You can be a slave to fear, heritage or habit. In the master-slave relationship there is a demand and response required. Those enslaving factors put demands on you and you spend your days responding. Defeats will linger on in your life for as long as you are willing to learn to live with them. But the Lamb has already been sacrificed and this is your day of walking out! Ex.12:31, NASB — “Then he called for Moses and Aaron at night and said, “Rise up, get out from among my people, both you and the sons of Israel; and go, worship the Lord, as you have said.”
Israel had, for four hundred years, been in a situation where they knew what to expect each and every day. Their surroundings were so familiar that they had become acceptable. Their situation was identifiable. They could understand to the point that they could logically describe it. But “logical” doesn’t mean “necessary”. It was not all that easy to walk away from yesterday — especially something you had “learned to live with.” But you don’t have to learn to live with anything that is not part of God’s purpose. Ps.138:7-8, TPT — “By your mighty power I can walk through any devastation and you will keep me alive, reviving me. Your power set me free from the hatred of my enemies. 8 You keep every promise you’ve ever made to me! Since your love for me is constant and endless, I ask you, Lord, to finish every good thing that you’ve begun in me!”

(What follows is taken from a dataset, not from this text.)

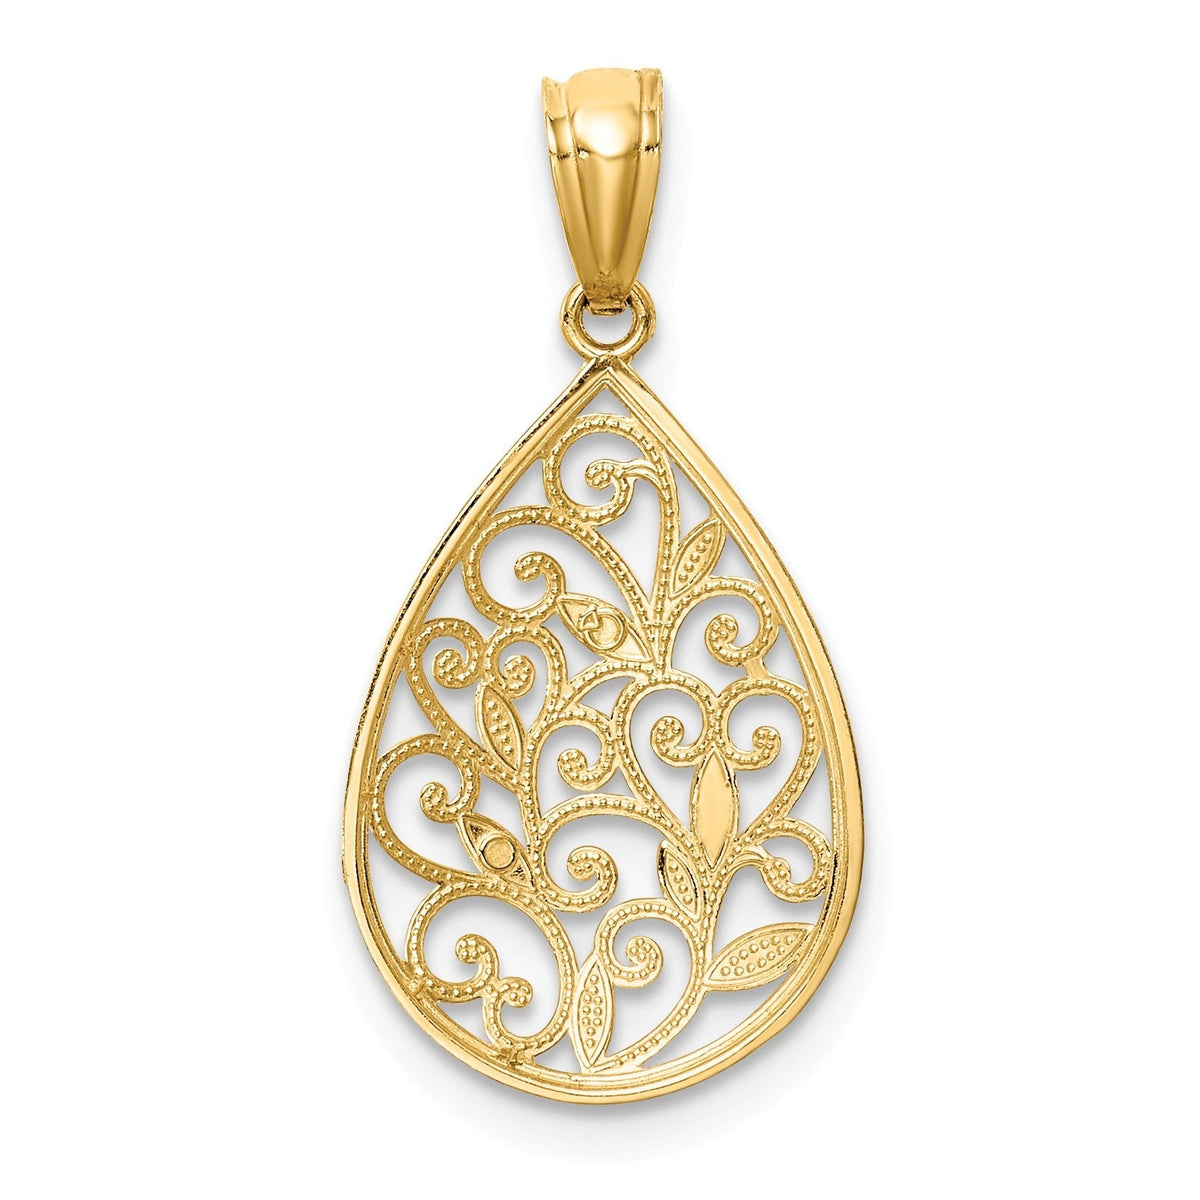 Alternate view of the 14k Yellow Gold Small Filigree Teardrop Pendant, 13mm (1/2 inch) by The Black Bow Jewelry Co.

What one generation tolerates, the next does in excess. What one generation neglects, the next forgets. If we haven’t been delivered from our bondages, we will take our children into the captivity we have endured and it will be repeated at least one more generation. Where we stop short of glory, our children will stop short. (Gen.13:14-17)
(Kathy Gabler) —While prophesying to a lady, I saw her as a bird in a gilded cage. The door was open on the cage, but she would not fly out. Instead of leaving her captivity, she decorated it, but the golden captivity was still captivity. We can comfort ourselves with former revelation, with blessings already received and with testimonies of past obediences, or refuse to move and just focus on quests that everyone would call godly, but God’s designs are always moving beyond the past and even beyond the now. When He builds a gate, He is not presenting options; rather He is giving direction. That gate will lead to growth, increase, maturity and change. Purpose beckons us beyond our current fence line. God is faithful to build the gate, but it is up to us to choose to go through it.